### EXERCISE DATA
..........
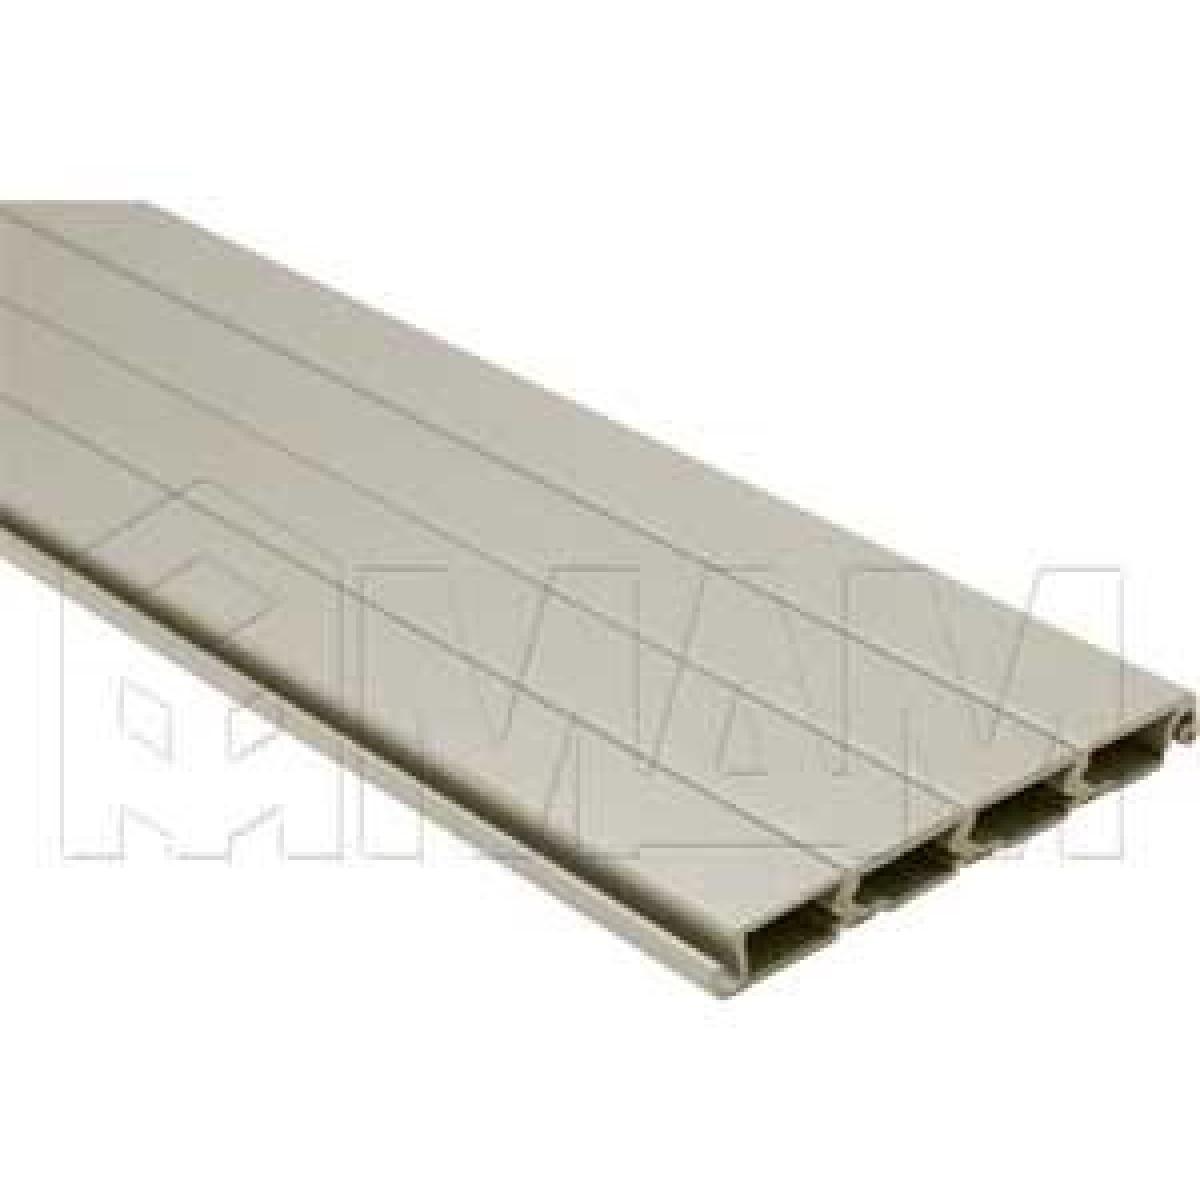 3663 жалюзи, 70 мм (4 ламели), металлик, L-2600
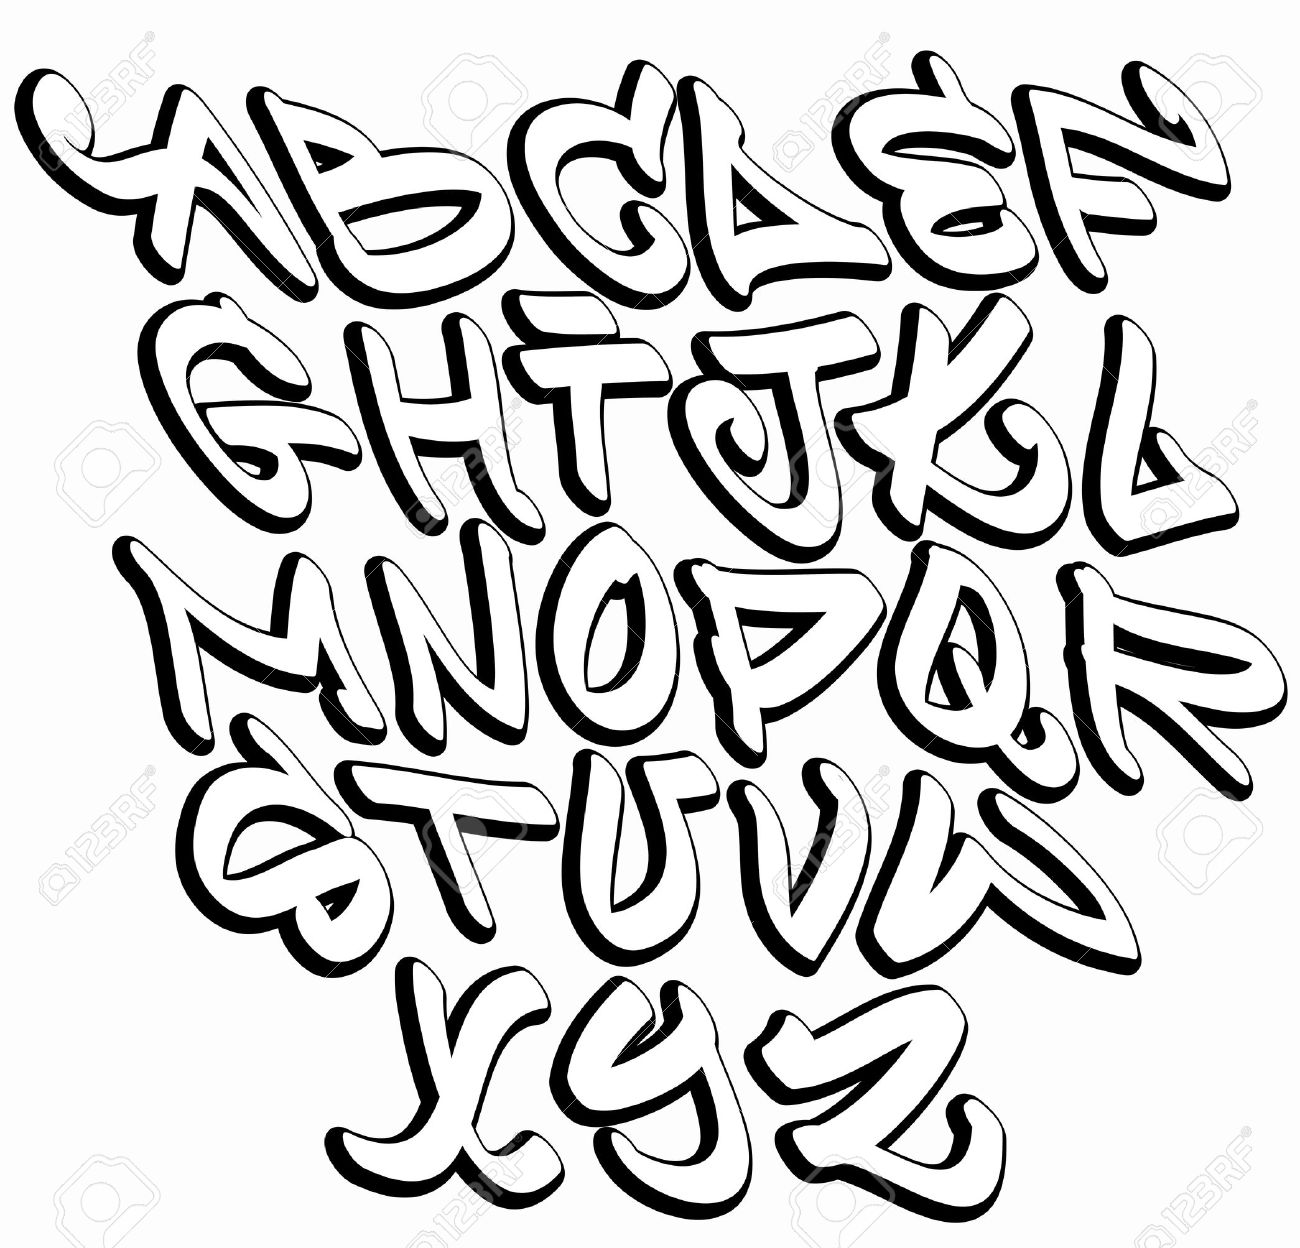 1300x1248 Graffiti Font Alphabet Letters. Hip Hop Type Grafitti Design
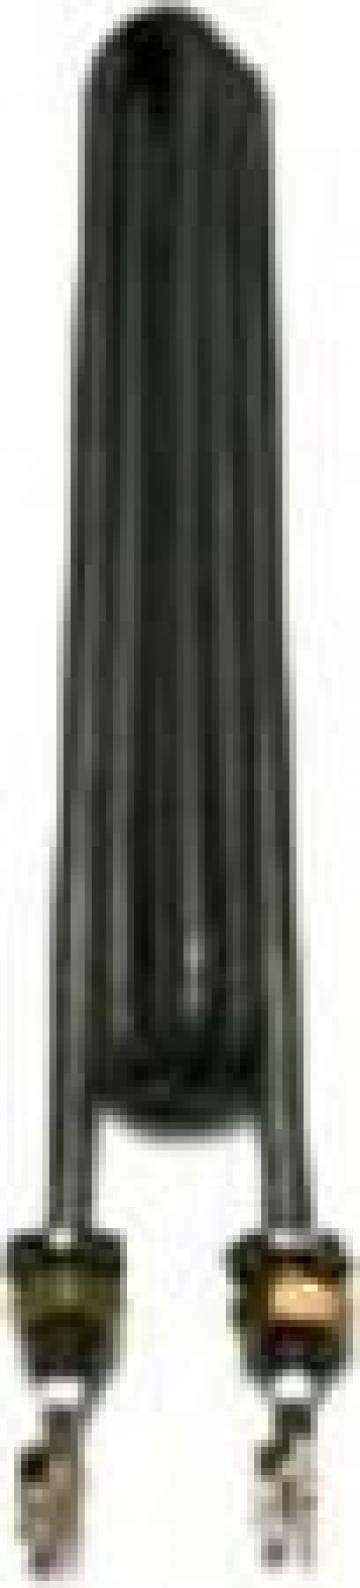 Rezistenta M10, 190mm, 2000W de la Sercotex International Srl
..........
### TASK DIRECTIONS
Without the pictures, copy the material exactly as given.

### RESULT OF THIS EXERCISE
 3663 жалюзи, 70 мм (4 ламели), металлик, L-2600
 1300x1248 Graffiti Font Alphabet Letters. Hip Hop Type Grafitti Design
 Rezistenta M10, 190mm, 2000W de la Sercotex International Srl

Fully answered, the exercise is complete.